- [THE PROBLEM] An exact copy of the listing below is the answer, with the pictures removed.

- [DATA BELOW]
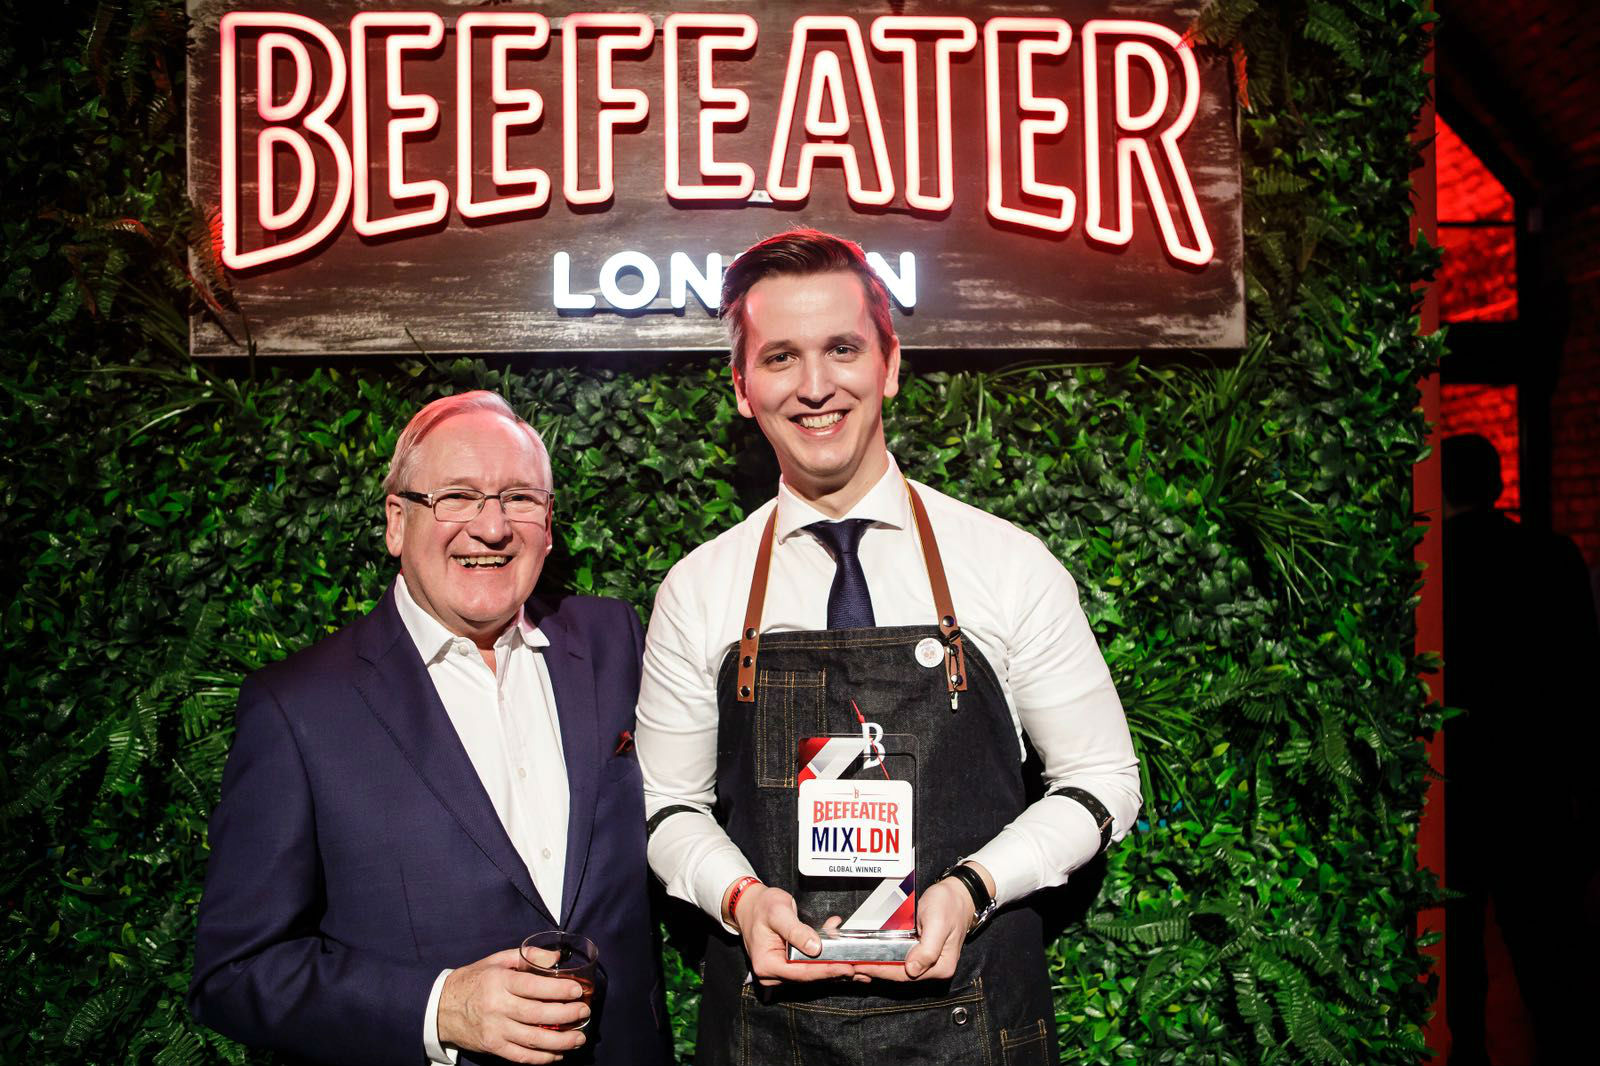 麗思酒廊調酒師 Maxim Schulte 於全球大型 氈酒錦標賽 Beefeater MIXLDN 7 中勇奪全球 冠軍殊榮
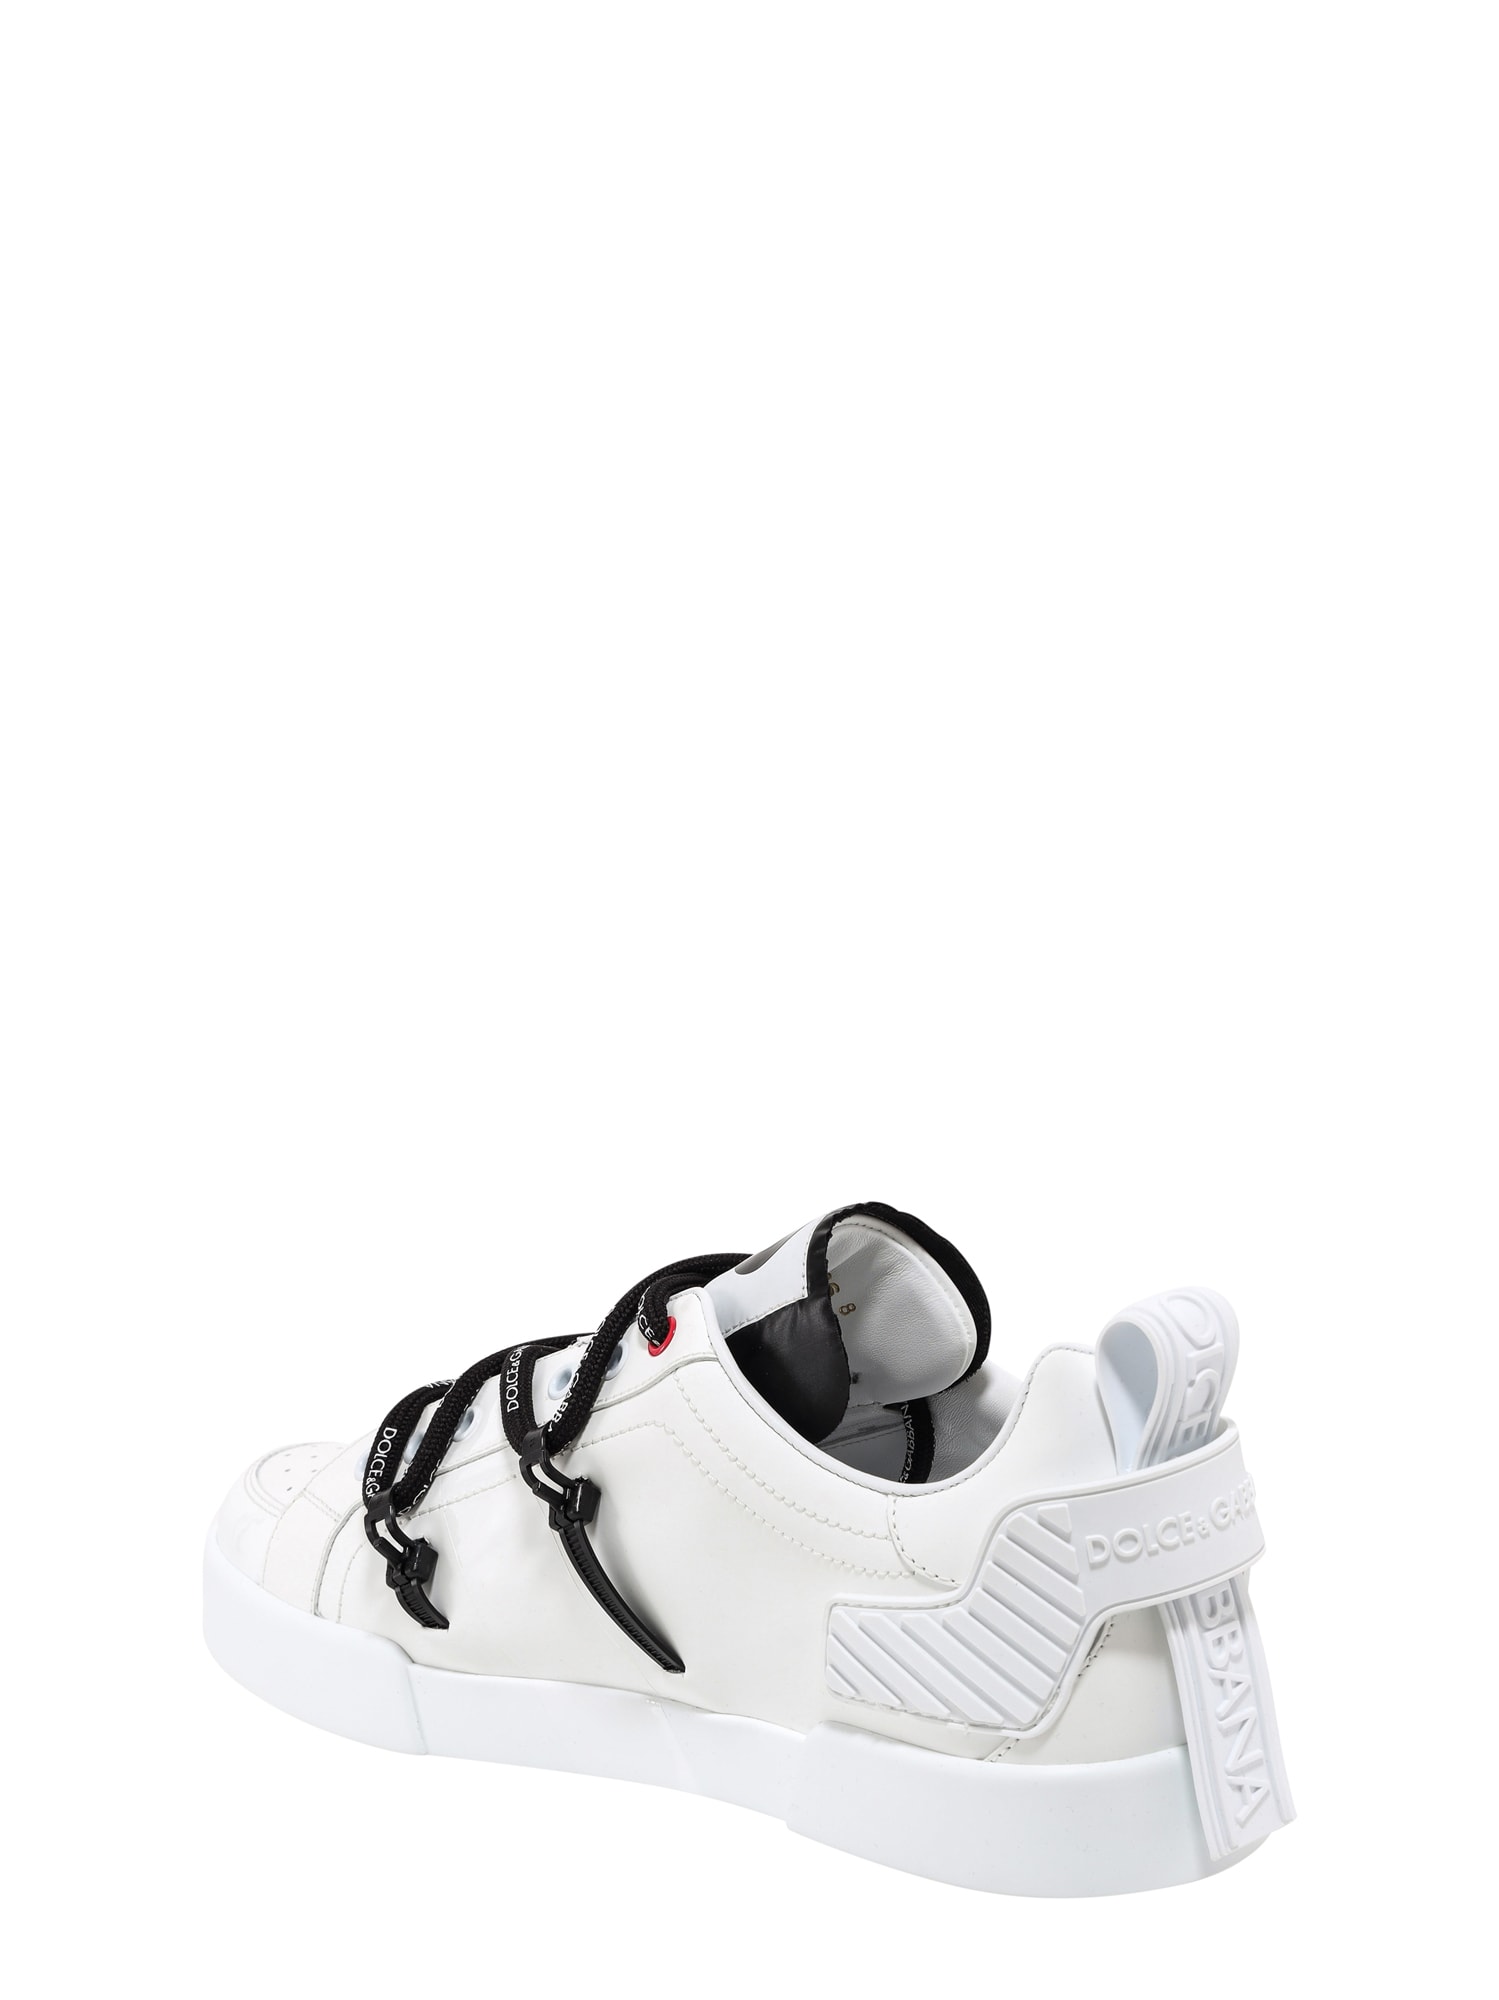 Shop Dolce & Gabbana Portofino Sneakers In Bianco/nero
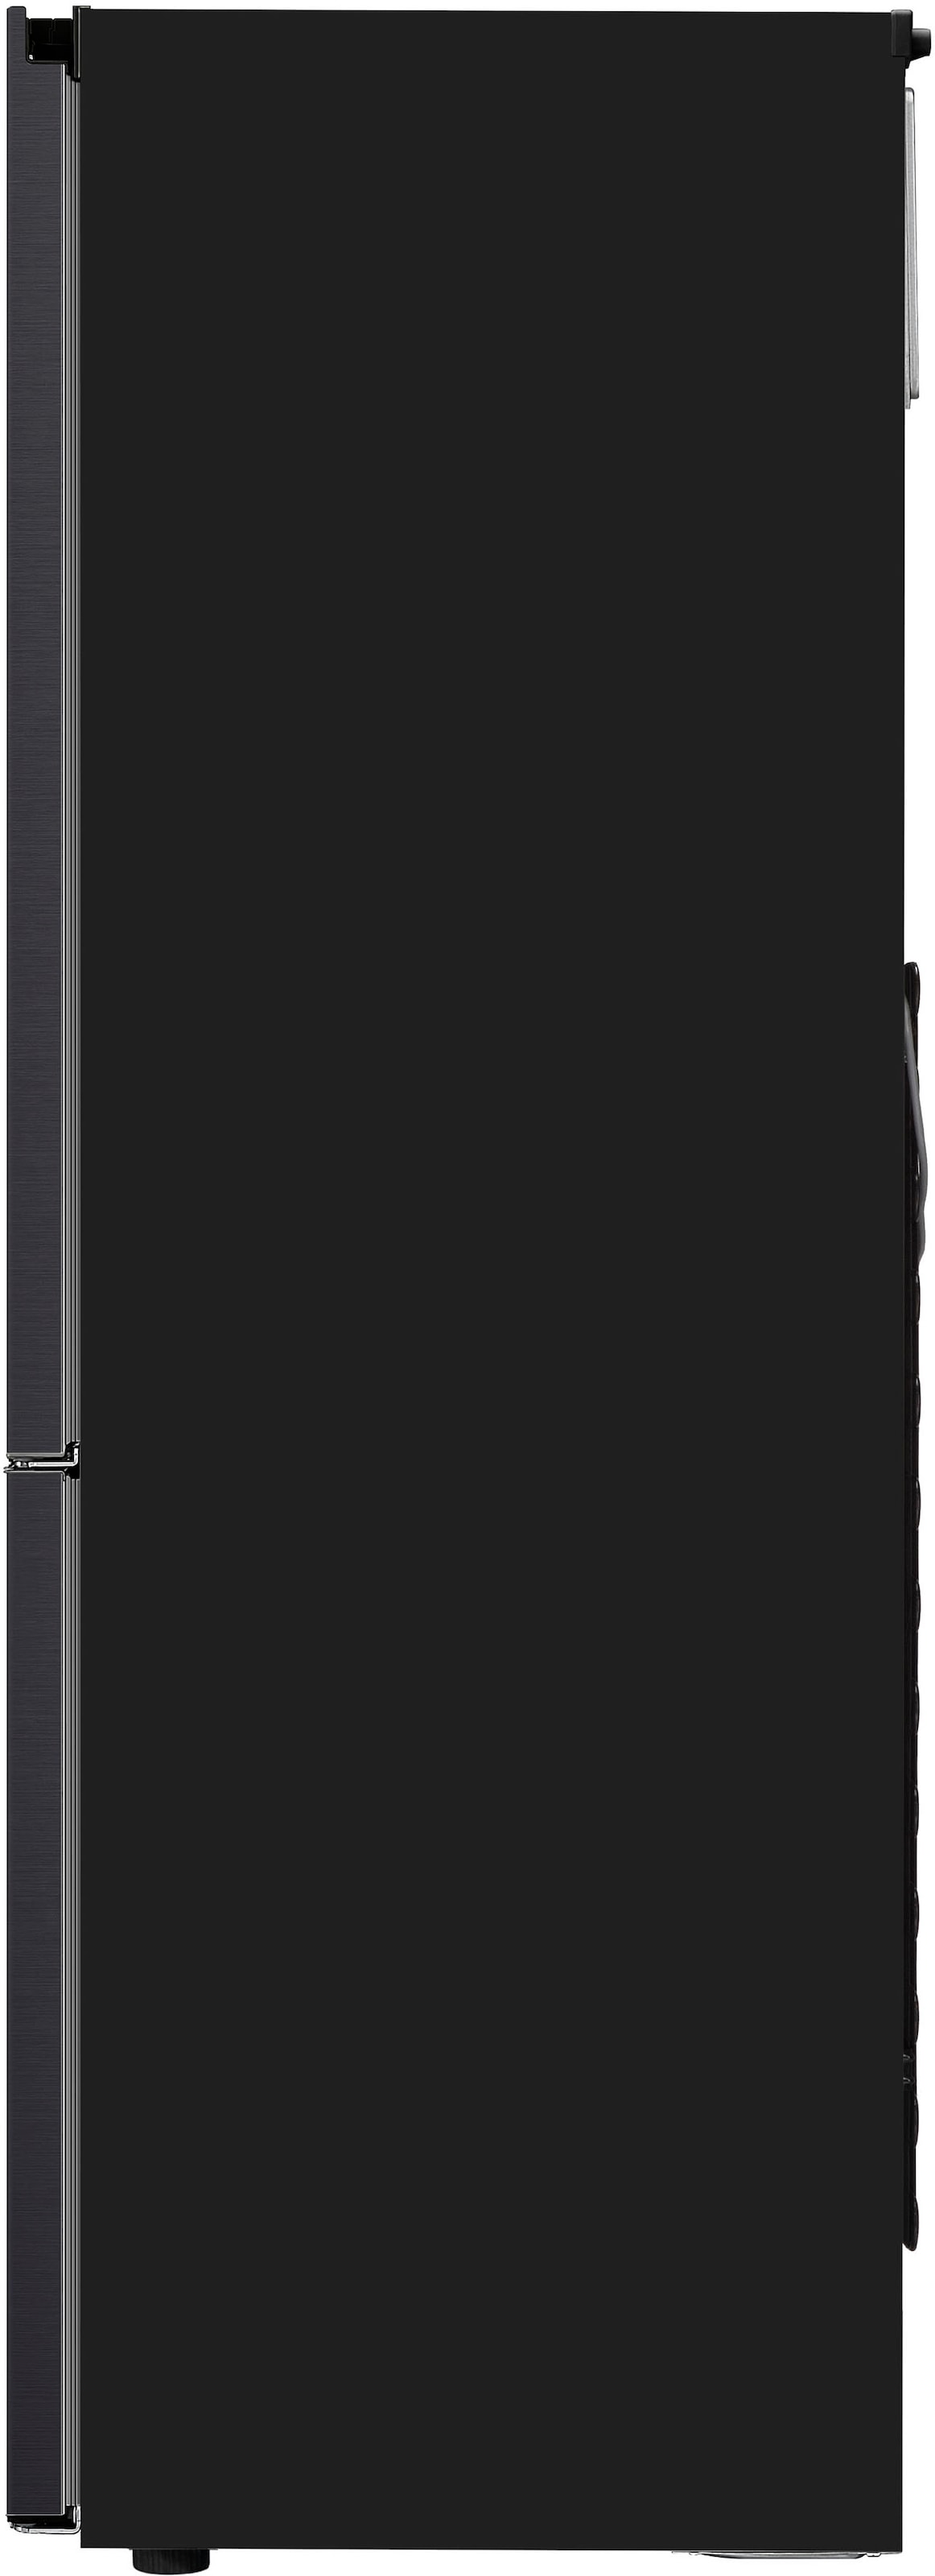 LG Kühl-/Gefrierkombination, GBB61PZGCN, 186 cm hoch, 59,5 cm breit online  bestellen

- [OUTPUT OF THE EXERCISE]
 麗思酒廊調酒師 Maxim Schulte 於全球大型 氈酒錦標賽 Beefeater MIXLDN 7 中勇奪全球 冠軍殊榮
 Shop Dolce & Gabbana Portofino Sneakers In Bianco/nero
 LG Kühl-/Gefrierkombination, GBB61PZGCN, 186 cm hoch, 59,5 cm breit online  bestellen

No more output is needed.